La théologie entre poème et raison

La plupart des textes bibliques sont des poèmes ; la plupart des textes des grands théologiens ne sont pas des poèmes. A la puissance d’évocation des poèmes bibliques, les théologies chrétiennes ont souvent préféré l’usage de la raison, souvent issue de la philosophie. Aristote et Platon sont parfois plus utiles que la variété biblique pour comprendre l’histoire des dogmes. Et cela même chez les protestants qui invoquent le principe refondateur de « l’Écriture seule » ! Faut-il s’en plaindre ? Oui et non. La théologie se distingue du texte biblique en ceci qu’elle propose des interprétations de Dieu, du Christ, de la foi.

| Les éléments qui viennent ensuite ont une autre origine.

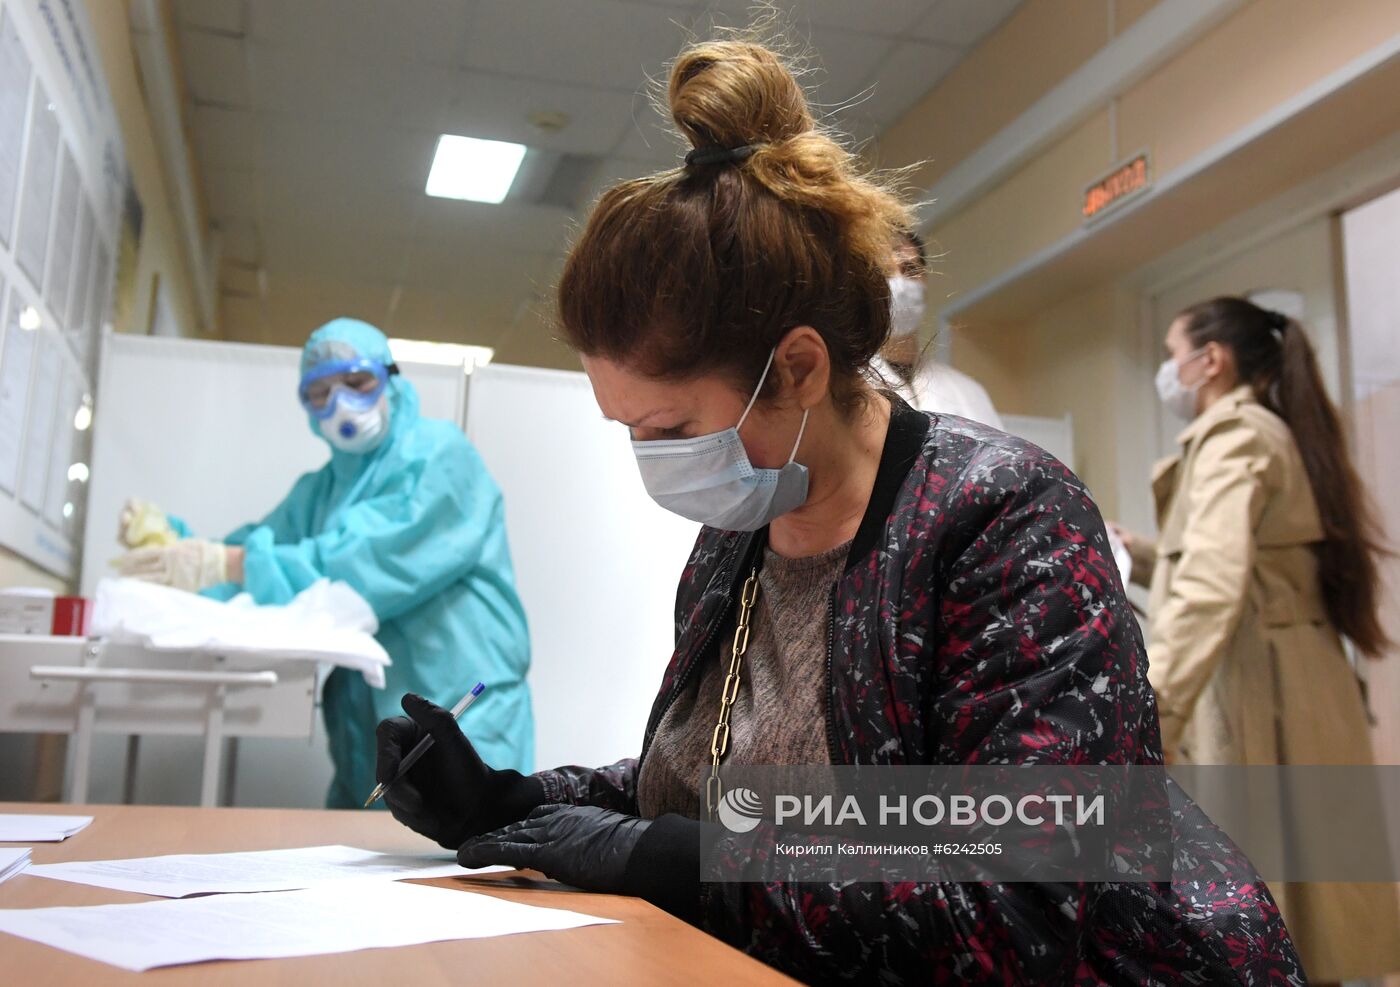 Тестирование россиян на наличие антител к COVID-19 в Москве

Le texte biblique est sans doute plus proche de l’expérience que de l’abstraction, même si chacun des livres de cette vaste bibliothèque contient sa propre cohérence théologique. Est-ce alors le passage d’une culture hébraïque à une culture gréco-romaine qui a modifié nos expressions de foi ? Sans doute, c’est là l’une des clefs historiques. La culture hébraïque procède par évocations et par symboles, la philosophie grecque par usage de la raison et par la compréhension d’un univers « organisé ». Une place pour chaque chose et chaque chose à sa place… Mais alors, en épousant le langage des philosophes, le christianisme a-t-il perdu une partie de sa remise en cause des ordres établis ?

On peut décrire de manière philosophique, psychologique, et même biologique, les mécanismes de l’amour. Mais rien ne remplacera les millions de vers sortis de l’imagination des poètes. Faut-il pour autant renoncer à l’exercice de notre raison lorsque l’on aborde la question théologique ? Il me semble qu’il existe une voie de réconciliation de la raison et de la poésie, du discours et de l’expérience. Chaque sujet génère ses propres langages. Parler du monde et de l’homme nécessite l’usage de la raison et de l’observation. Parler de Dieu nécessite l’usage du symbole et de la contemplation. Comprendre le monde est une recherche personnelle toujours inachevée, et pourtant fondamentale : que serait notre société si elle était composée de perroquets imbéciles répétant les dogmes prétendument éternels ? Mais lorsqu’on approche de la question du fondement de toute chose, de la question de la transcendance, le langage se fait humble. L’être humain entre alors dans un défi étrange : traduire avec des mots intelligibles ce qui le dépasse. Son langage s’approche alors de celui des poètes, cherchant et tâtonnant au milieu des mots, sans que ceux-ci ne prétendent enfermer Dieu. On ne décrit pas Dieu, on l’évoque.

Lorsque je dis « Jésus est le fils de Dieu », est-ce « raisonnable » ou « poétique » ? Cela est raisonnable dans la mesure où cela me dit quelque chose de la compréhension anthropologique. En même temps, cela est un poème qui ouvre le champ des interprétations sur Dieu et le Christ, qui contient une puissance d’évocation qui renvoie à chacune de nos expériences de foi et de nos recherches de sens. Nous pouvons alors entrer dans un dialogue, dans un « conflit des interprétations ». La théologie devient alors ouverture, occasion de débats et de rencontres.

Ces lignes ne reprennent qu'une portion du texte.